Habits of the Heart

Is it possible that our besetting sins beset us because we prefer to lop their tops off to getting to the root of the problem? I have been wondering of late why we are so prone, in the midst of complicated circumstances, to hand out white hats to our side and black hats to the other. With respect to Israel and Gaza we have both sides insisting that they are innocent of wrongdoing, and everything is the fault of the other. Now I’m not one to assume that any time there is disagreement that both sides must be equally at fault. That said, there’s only been one time in all history where there was conflict between sinners and the One without sin. In that conflict the One without sin redeemed we sinners who rest in Him.

It is not my intent to settle the relative guilt of the warring parties in the middle east. Rather I want to suggest that when it comes to our response to the conflict the problem is less who is wrong, more that we are so quick to respond emotionally without knowing all the facts. If I respond to this conflict out of emotion, chances are good that I have done the same with respect to Russia and Ukraine, with the grumbling congregants and the pastor, between my political party and the opposing political party, between the one gossiping to you and the one being gossiped about. The problem may be violence in the middle east, but my problem is being led by my emotions.

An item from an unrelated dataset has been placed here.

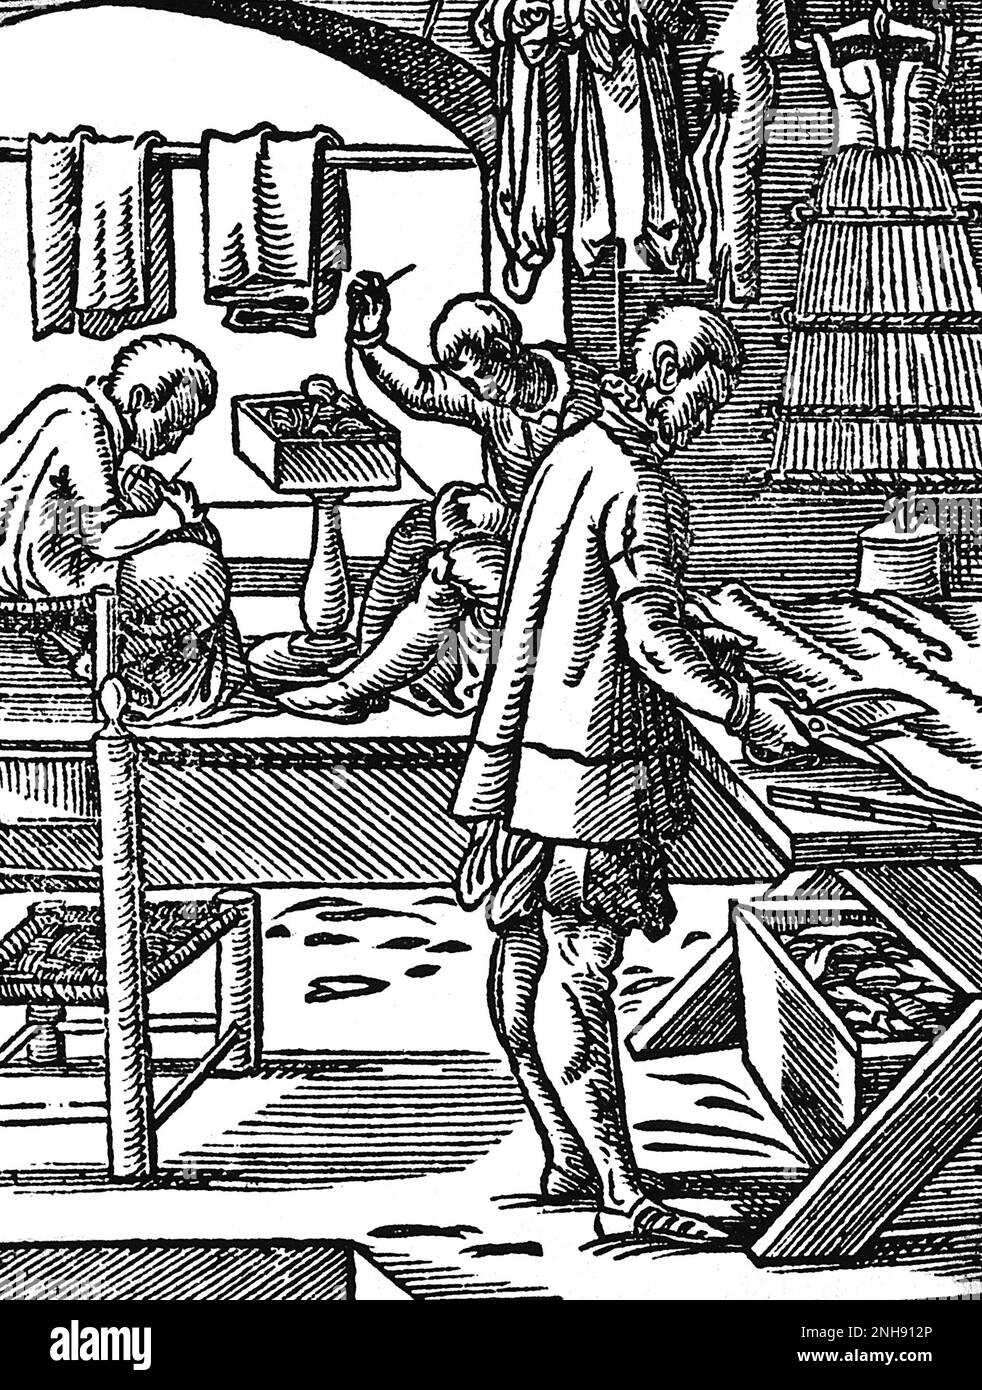 A tailor cutting cloth with scissors while his colleagues sew at a bench. Woodcut from Jost Amman's Book of Trades, 1568. Stock Photo

There is something profoundly satisfying about moral umbrage. We put on our prophet’s mantle and thunder against those other evil people. Add to that the postmodern victim hunger, that as we identify with those whom we’ve given the white hates we position ourselves as fellow victims of those to whom we’ve given the black hats. We get to wallow in our own self-perceived innocence, thinking ourselves morally clean because we’ve never crammed two million people into an open air prison, or we’ve never parasailed into a neighboring country to kill old women and take children hostage.

This is not moral equivalence however. I’m quite confident that on the day of judgment Hamas and Israel will not get equal scores. That said, He is the only one we should trust to give the right score. Neither am I arguing that in the face of evil we do nothing. I am instead suggesting that what we do a. is in submission to God’s Word and b. is done while undergirded with a sure confidence that in the end the Judge of all the earth will do rightly. I can be sad for all victims of the violence, disappointed in all those who cause the violence without letting my emotions get away from me and without arrogantly assuming that I know the precise measure of everyone else’s guilt.

May God give us the wisdom to know how to act, and the humility to know that in the middle east, in eastern Europe, in our troubled local church, in our circle of friends, the problem is we’re all sinners. May He likewise give us the faith to know He is washing us, bringing all things under subjection and reigns absolutely and unchangeably.